# The felines whom I serve.



## Sky Eyes Woman (Feb 26, 2006)

The oldest of them, Kit N. is going to be 6 this year. She was given to me as a kitten by a former co-worker in Michigan around October of 2000. She's very sweet and friendly, a laid-back couch potato that likes a warm soft lap as much as a fluffy pillow.









This is Dude. I adopted him from a rescue group in December 2005 after losing my sweet Pearl in November. His little face stuck in my mind and I brought him home to try and liven Kit N. up a bit as she was depressed and mopy without her buddy. Dude has turned out to be a friendly and loving kitty, if not a big pain due to his rambunctional ways. He's about a year old now.









Ah, Pearl. The best cat ever. The most beautiful too. 12 years with you wasn't enough. I kept my promise, Pearl. You only knew one home in your entire life and I have you here still, just as I promised. You will rest with me someday, Pretty Girl. I always have you with me.










When I find the strangely missing digicam, I will post some pics of the DustBunny, the little kitty an old lady delivered to me in a plastic bag. I guess one person's trash really is another's treasure.


----------



## HemiShakes (Feb 8, 2006)

They are all so adorable. Wow thats a nice tatto of Pearl. I recently lost a cat a month and a half ago and I was seriously debating paying a tribute to him with a tatoo (everyone else thought I was nuts for thinking about it).


----------



## kitkat (Sep 22, 2003)

Beautiful cats you have, I'm sorry to hear about Pearl


----------



## ForJazz (Dec 30, 2003)

HemiShakes said:


> They are all so adorable.
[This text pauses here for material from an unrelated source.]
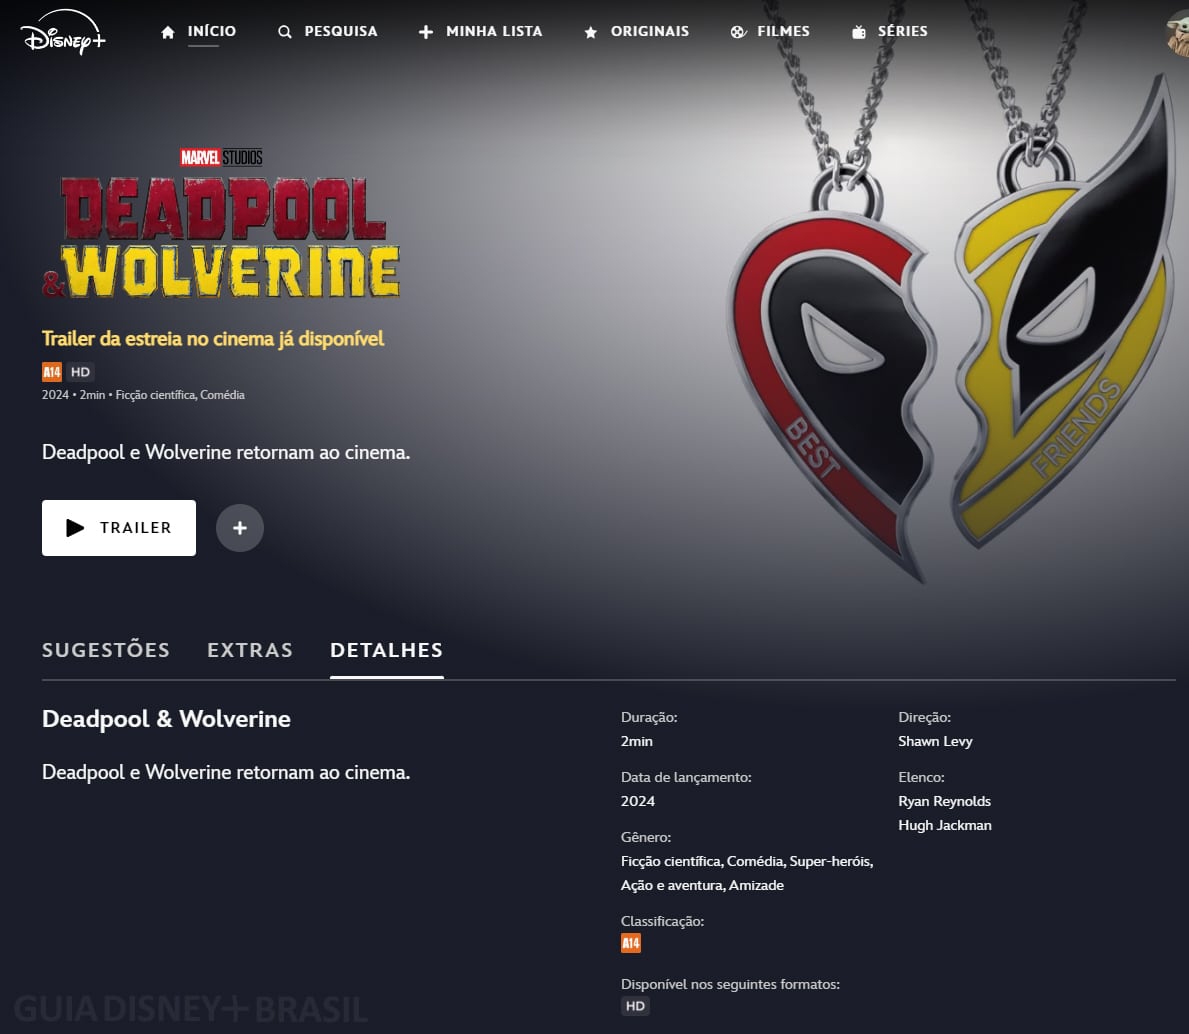 Pagina-Deadpool-e-Wolverine-no-Disney-Plus A página de Deadpool & Wolverine já está disponível no Disney+
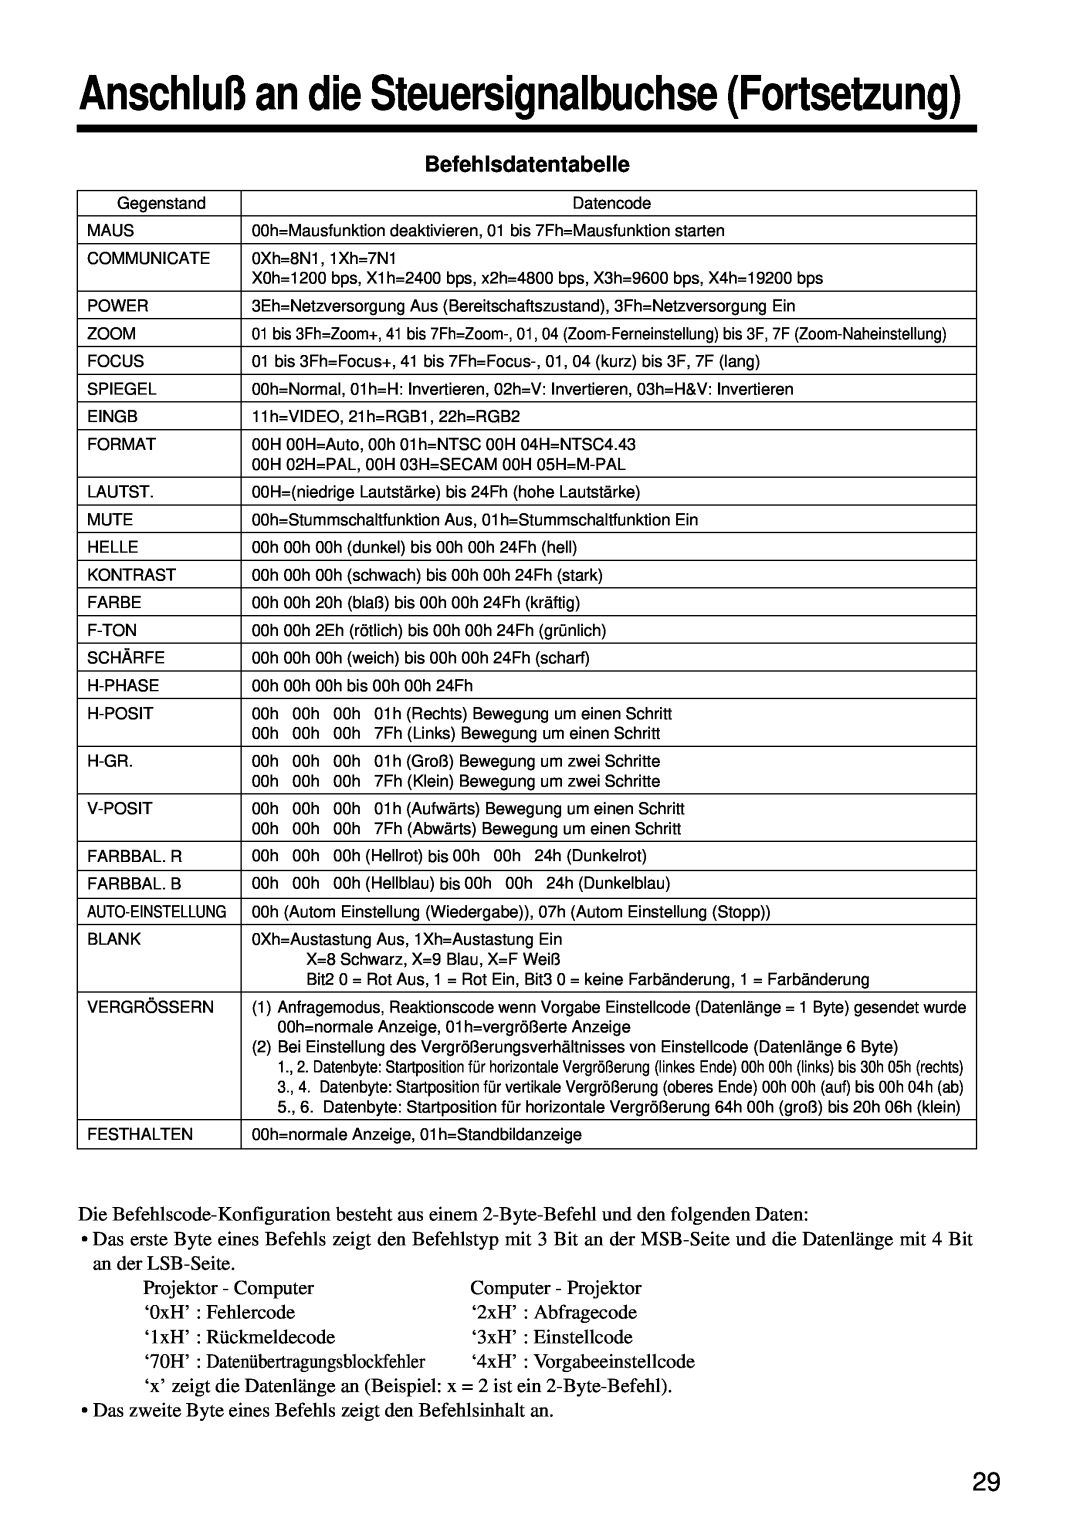 Hitachi CP-S860W user manual Befehlsdatentabelle, Anschluß an die Steuersignalbuchse Fortsetzung

Wow thats a nice tatto of Pearl. I recently lost a cat a month and a half ago and I was seriously debating paying a tribute to him with a tatoo (everyone else thought I was nuts for thinking about it).


I don't think you're nuts for thinking about it...but if you wanted to be more subtle about it, you could get the cat's name written in a celtic design, an intricate font, or in chinese lettering or something.


----------



## DesnBaby (Apr 18, 2004)

They are sweet  , sorry about Pearl!


----------



## Mitts & Tess (Sep 4, 2004)

Very cute photos of your kitties.


----------



## Daisy_Babe (Jan 25, 2006)

Beautiful :!:


----------



## Sky Eyes Woman (Feb 26, 2006)

The digicam has reappeared! Here is my husband holding the DustBunny, we could only hold her still long enough to take 5 pics, the little booger! I really wonder why an old lady would want to just dump this little cutie somewhere, but I'm glad she did! She's as sweet as she looks.

Thank you all for your kind words and condolences on the loss of Pearl. I knew everyone here would understand how much I miss her. You would have liked her.


----------



## Daisy_Babe (Jan 25, 2006)

Awwwwwwwwwwwwwww :heart


----------



## Sky Eyes Woman (Feb 26, 2006)

Wow! I just grabbed the yardstick and measured Dude from the tip of his nose to the tip of his tail...he is about 33" long! 8O 
He's such a big cat, I was just wondering how long he is. Sorry, I guess I'm weird.


----------



## Sky Eyes Woman (Feb 26, 2006)

The short moments of peace and tranquility sure are nice!


----------



## Sky Eyes Woman (Feb 26, 2006)

I got such a smart kitty! :lol:


----------



## estelle58 (Feb 28, 2006)

they're beautifull kittys...


----------



## Lori (Jun 8, 2003)

Such pretty kitties!! 

I have always admired your avatar, Sky Eyes Woman. It was nice to see the full size photo of Pearl, such a gorgeous girl. So sorry to hear about her.


----------



## Sky Eyes Woman (Feb 26, 2006)

The DustBunny is growing up...

















Dude tries looking innocent and sweet for a change.

















Hi Kit N.!!! You weren't sleeping or anything were ya?!


----------



## DesnBaby (Apr 18, 2004)

Hee, hee, funny expressions :lol:


----------



## Sky Eyes Woman (Feb 26, 2006)

Earlier today.


----------



## gizmocat (May 22, 2006)

I love the picture of the cat with his head stuck under the sofa throw. They are all charming cats. 
And the one thing wrong with pets is that they never live long enough. I sympathize with your loss of Pearl. She had really unusual markings too.


----------



## Sky Eyes Woman (Feb 26, 2006)

She had the best personality too. She was very laid-back and sweet, never grouchy or mean. The one blind spot in her nature was that she was afraid of strangers. That was because the first time she encountered anyone coming over to my house it was a couple of guys I worked with and they had stopped by to pick me up so we could go to a company function together. I wasn't ready and had to leave the room right after they came in and when I got back in there one of them had put a sock over her head and they were both laughing at her trying to get it off. I was furious! I screamed at them "Thanks a lot for making her fearful of strangers! She's never seen company come over here before, you $&*(#$ *@%>{*#$!" :evil:

They were immediately apologetic and contrite but the damage was done. After that I learned to hide my cats away whenever I was expecting anyone.


----------



## Sky Eyes Woman (Feb 26, 2006)

When you were a kid, did you ever love a toy so much you slept with it?


----------